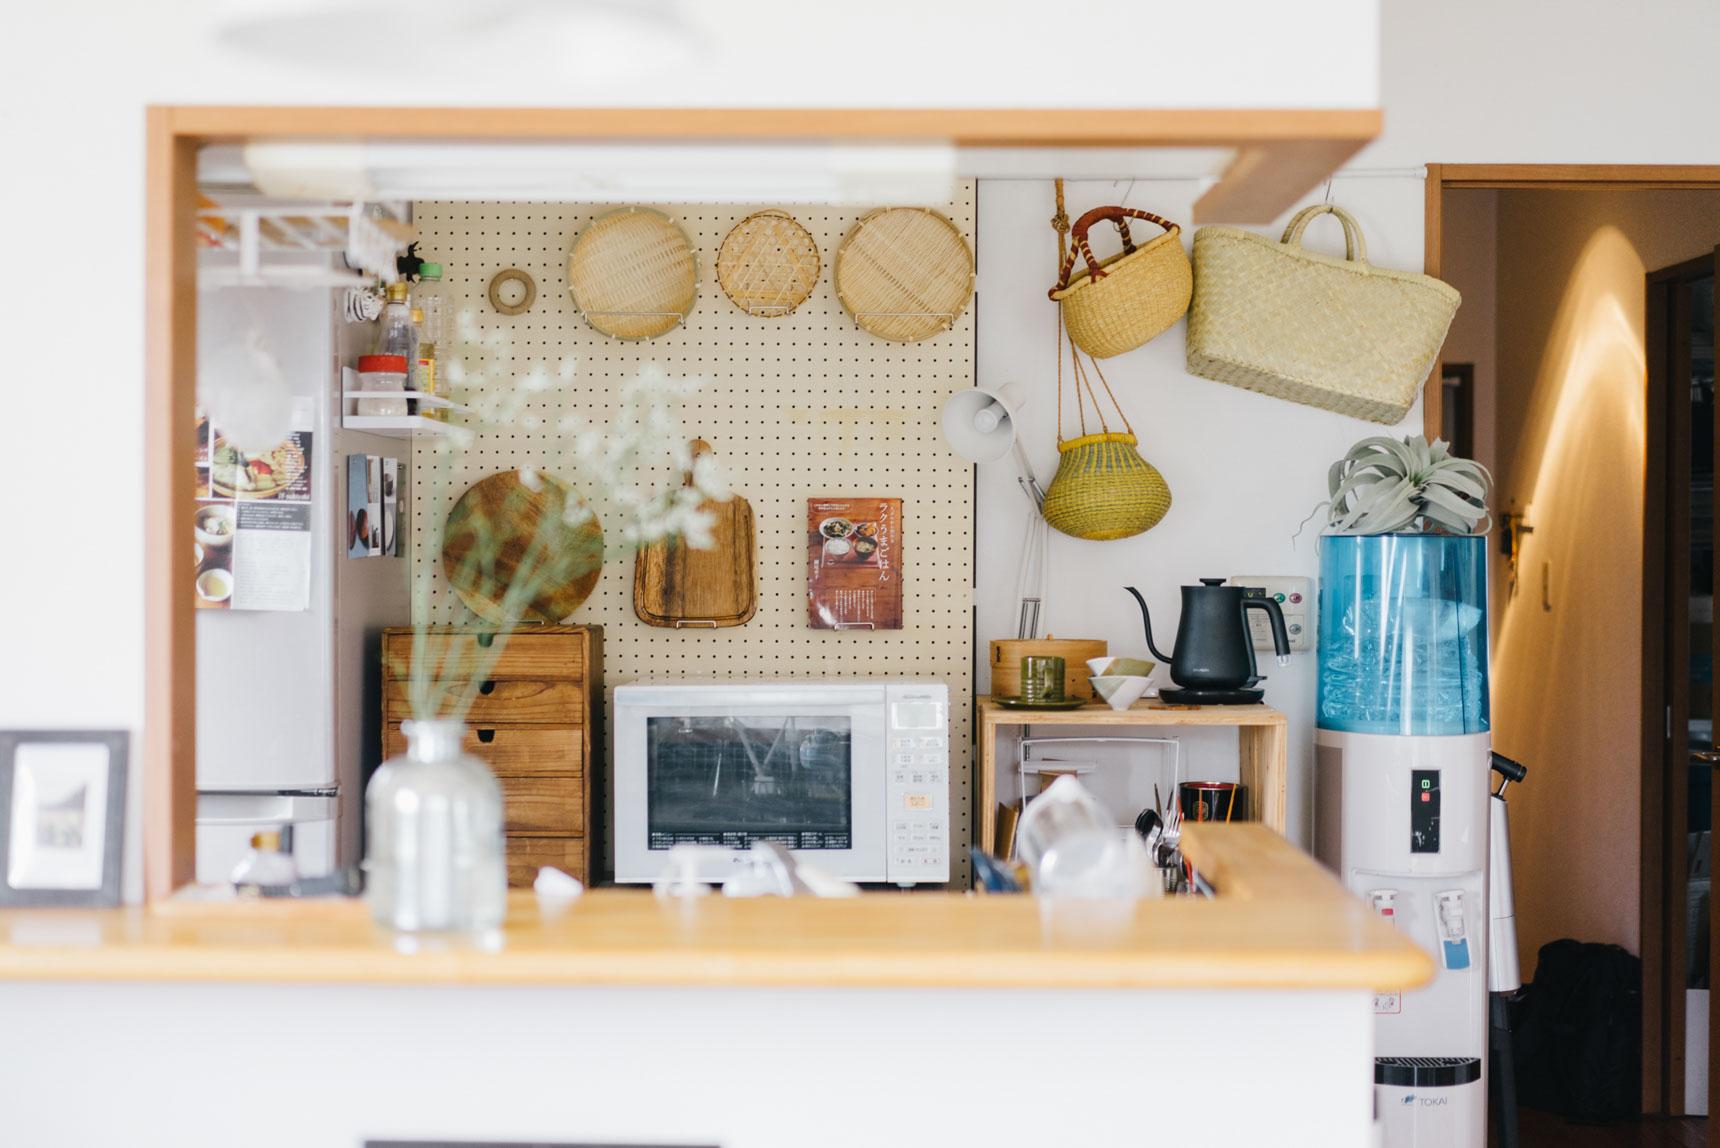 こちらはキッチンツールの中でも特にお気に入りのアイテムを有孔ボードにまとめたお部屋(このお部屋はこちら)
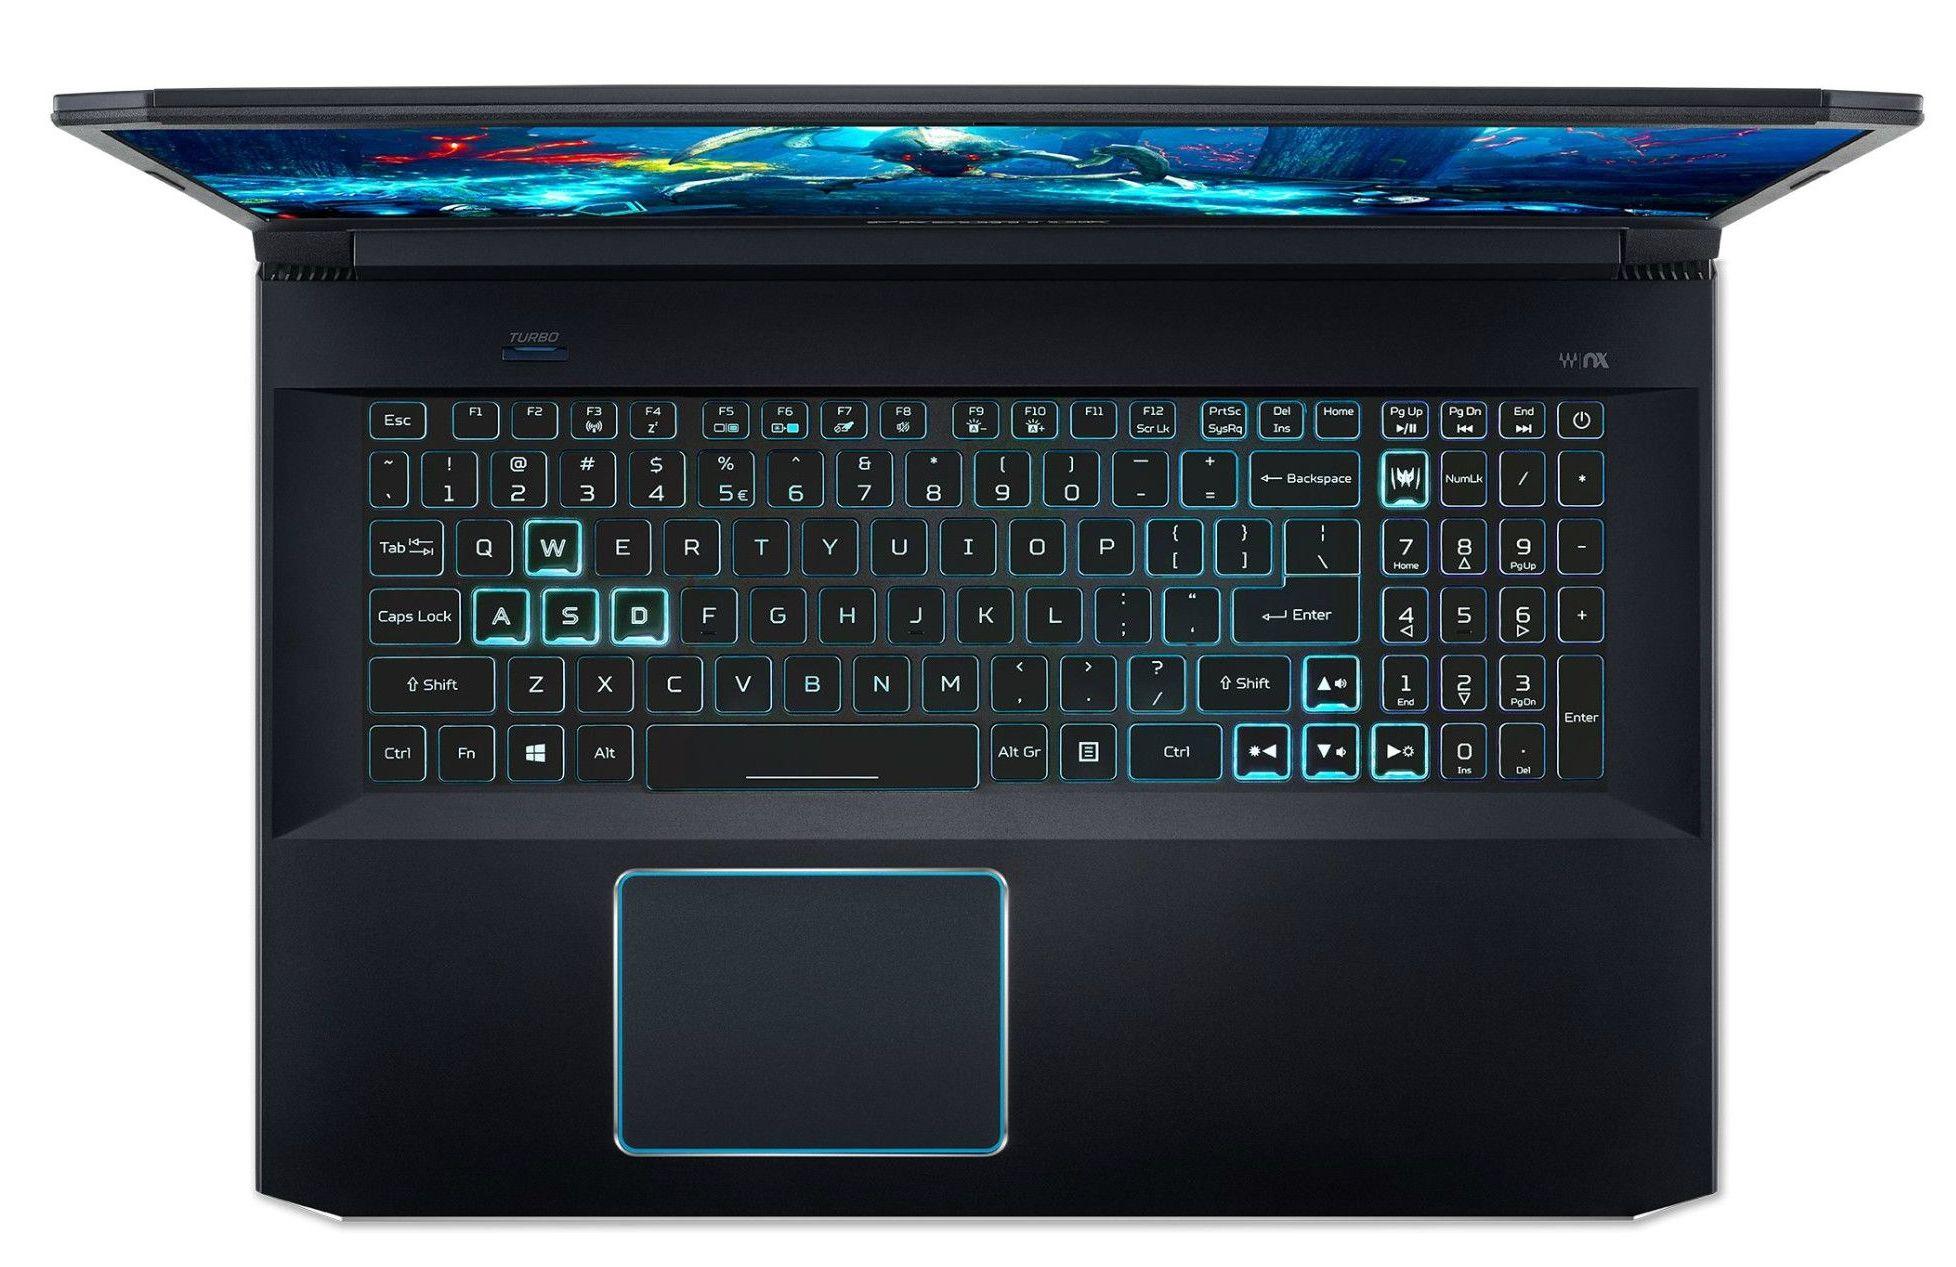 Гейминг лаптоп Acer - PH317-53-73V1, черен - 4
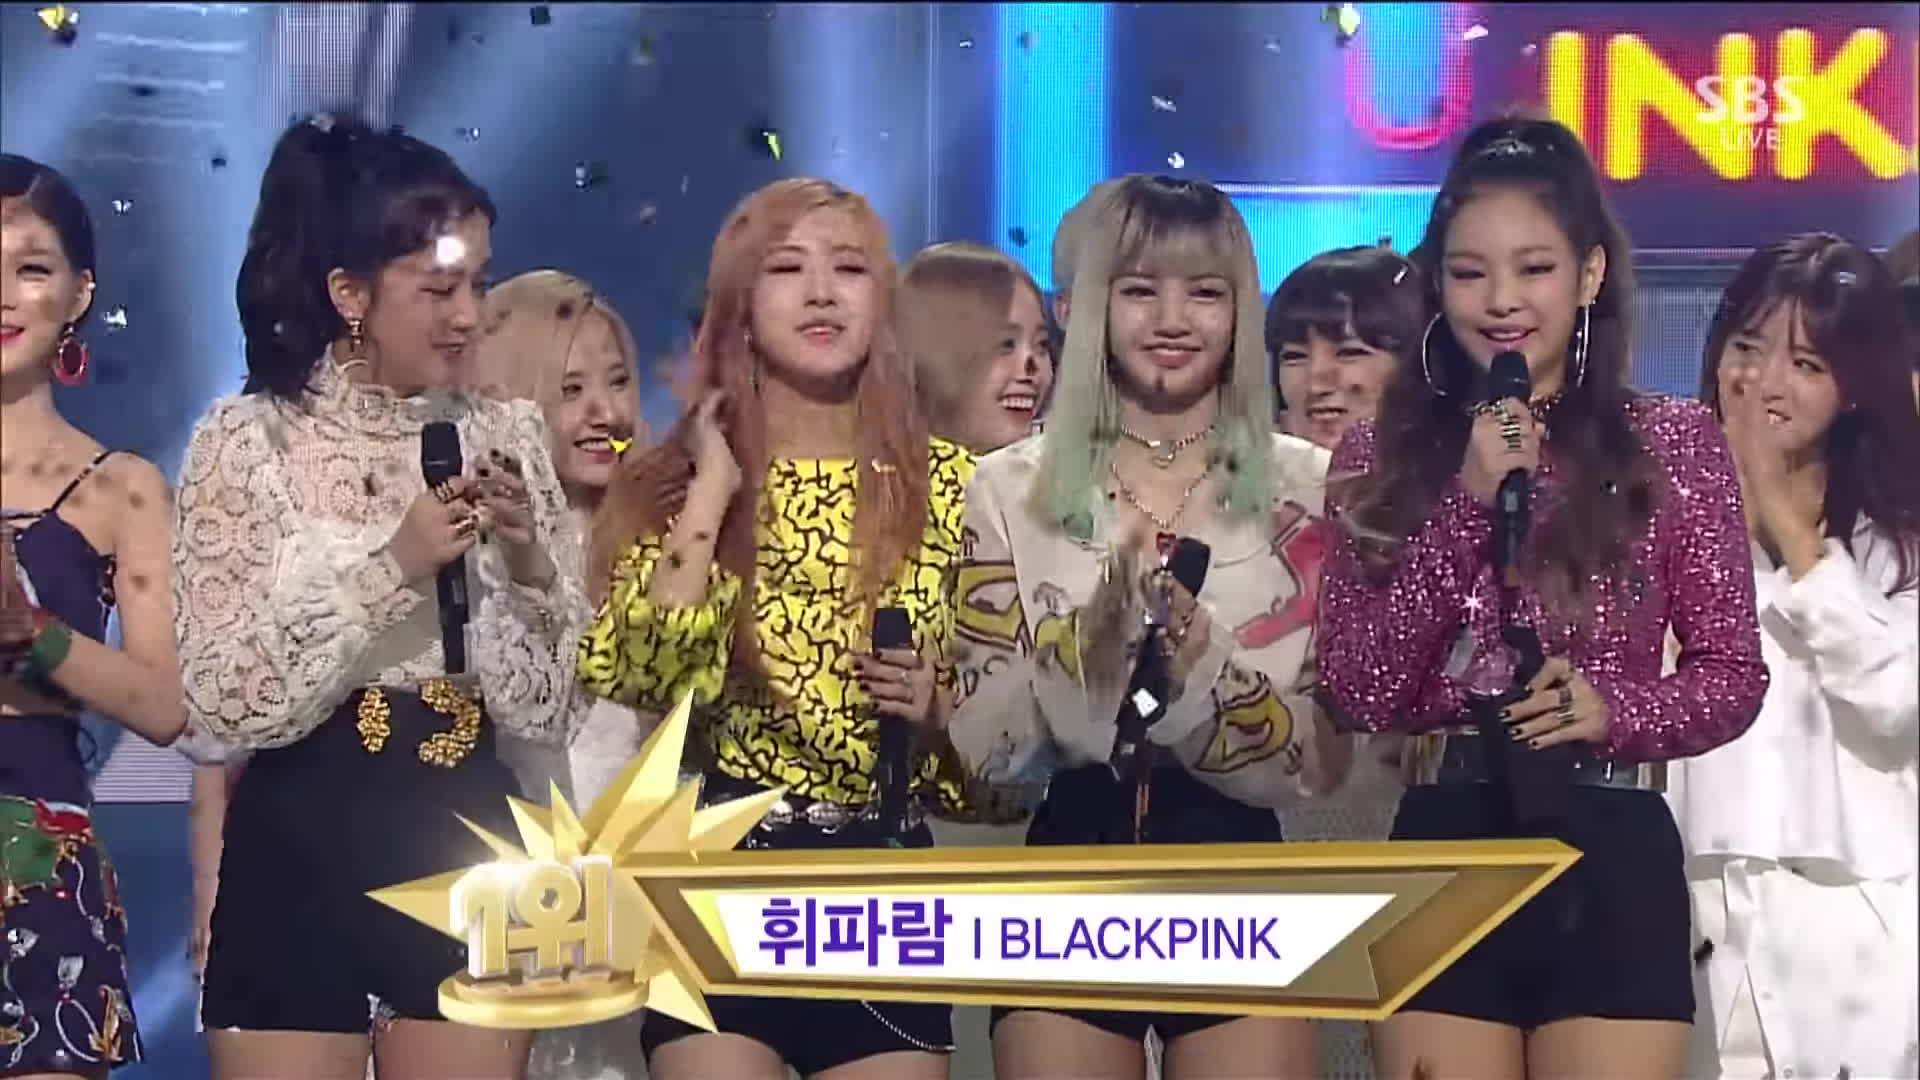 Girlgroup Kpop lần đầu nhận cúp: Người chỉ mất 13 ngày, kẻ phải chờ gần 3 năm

========================================================================

§ **Task directions**: Set the listing down in full and exactly. Pictures within it should not appear in the copy.

§ **Task result**:
 こちらはキッチンツールの中でも特にお気に入りのアイテムを有孔ボードにまとめたお部屋(このお部屋はこちら)
 Гейминг лаптоп Acer - PH317-53-73V1, черен - 4
 Girlgroup Kpop lần đầu nhận cúp: Người chỉ mất 13 ngày, kẻ phải chờ gần 3 năm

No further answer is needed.